Solve below PDE

To solve the given partial differential equation (PDE), we can use the method of characteristics.

First, we need to find the characteristic equations associated with the given PDE. The characteristic equations are given by:

dx / dt = y + u
dy / dt = y
du / dt = x - y

Next, we solve these equations simultaneously to determine the characteristics.

From the second equation, we can see that dy / dt = y, which has the solution y = Ce^t, where C is a constant.

Differentiating the first equation with respect to t, we have d^2x / dt^2 = du / dt. Substituting the third equation into this, we get d^2x / dt^2 = x - y.

Since y = Ce^t, we have d^2x / dt^2 = x - Ce^t. This is a linear second-order ordinary differential equation with constant coefficients. We can solve this equation using the characteristic equation method:

Assume the solution has the form x = Ae^t + Be^(-t), where A and B are constants.

Differentiating x with respect to t, we have dx / dt = Ae^t - Be^(-t).

Substituting this into the equation d^2x / dt^2 = x - Ce^t, we get (Ae^t - Be^(-t)) - Ce^t = Ae^t + Be^(-t) - Ce^t.

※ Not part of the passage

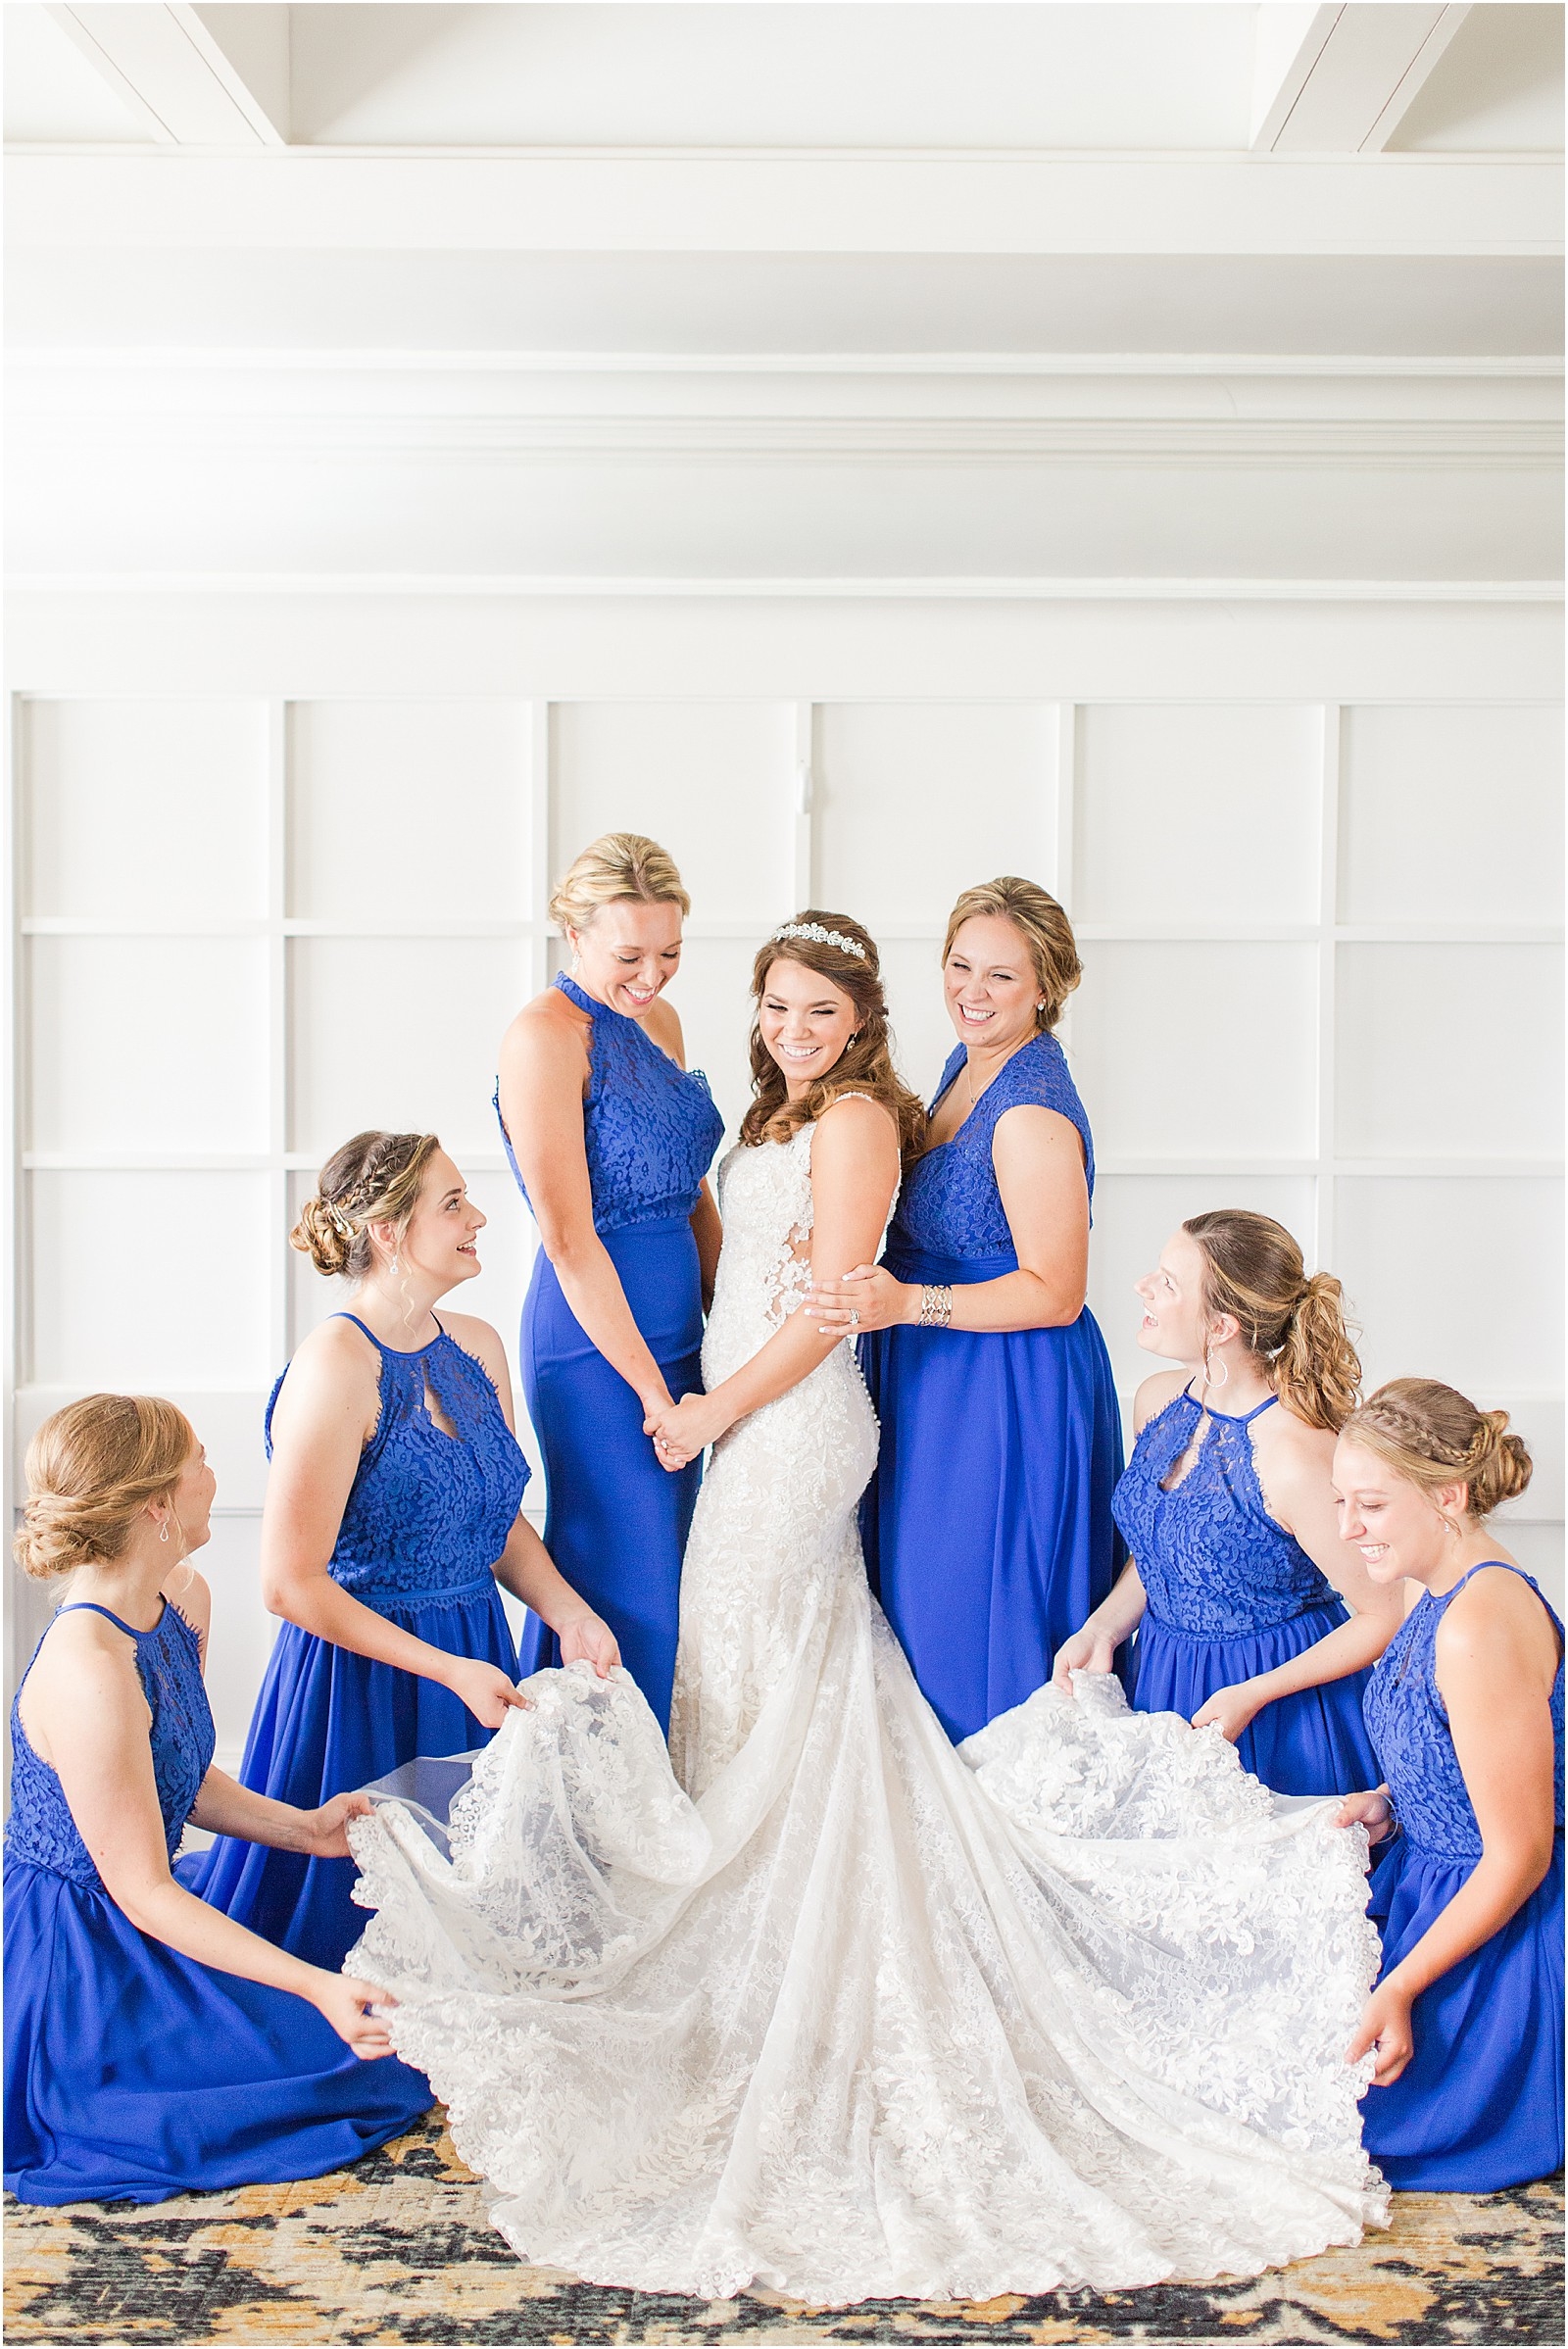 An Evansville County Club Wedding | Abby and Stratton 024.jpg

Simplifying this equation, we find A - C = A + B - C.

Thus, A = B, and the solution for x is x = Ae^t + Ae^(-t) = A(e^t + e^(-t)), where A is a constant.

Now, we can solve for u using the first equation:

dx / dt = y + u
(Ae^t + Ae^(-t))' = Ce^t + u

Differentiating both sides of the equation, we get:

(Ae^t - Ae^(-t))' = Ce^t + u
Ae^t + Ae^(-t) = Ce^t + u

We can substitute y = Ce^t into this equation, giving us:

(Ae^t + Ae^(-t)) = y + u

Since (Ae^t + Ae^(-t)) = x, we have:

x = y + u

Therefore, the general solution to the given PDE is u(x, y) = x - y.

To find the particular solution, we use the initial condition u(x, 1) = 1 + x.

Substituting y = 1 into the general solution, we get:

u(x, 1) = x - 1

Since u(x, 1) = 1 + x is equal to x - 1, the particular solution to the given PDE is u(x, y) = x - 1.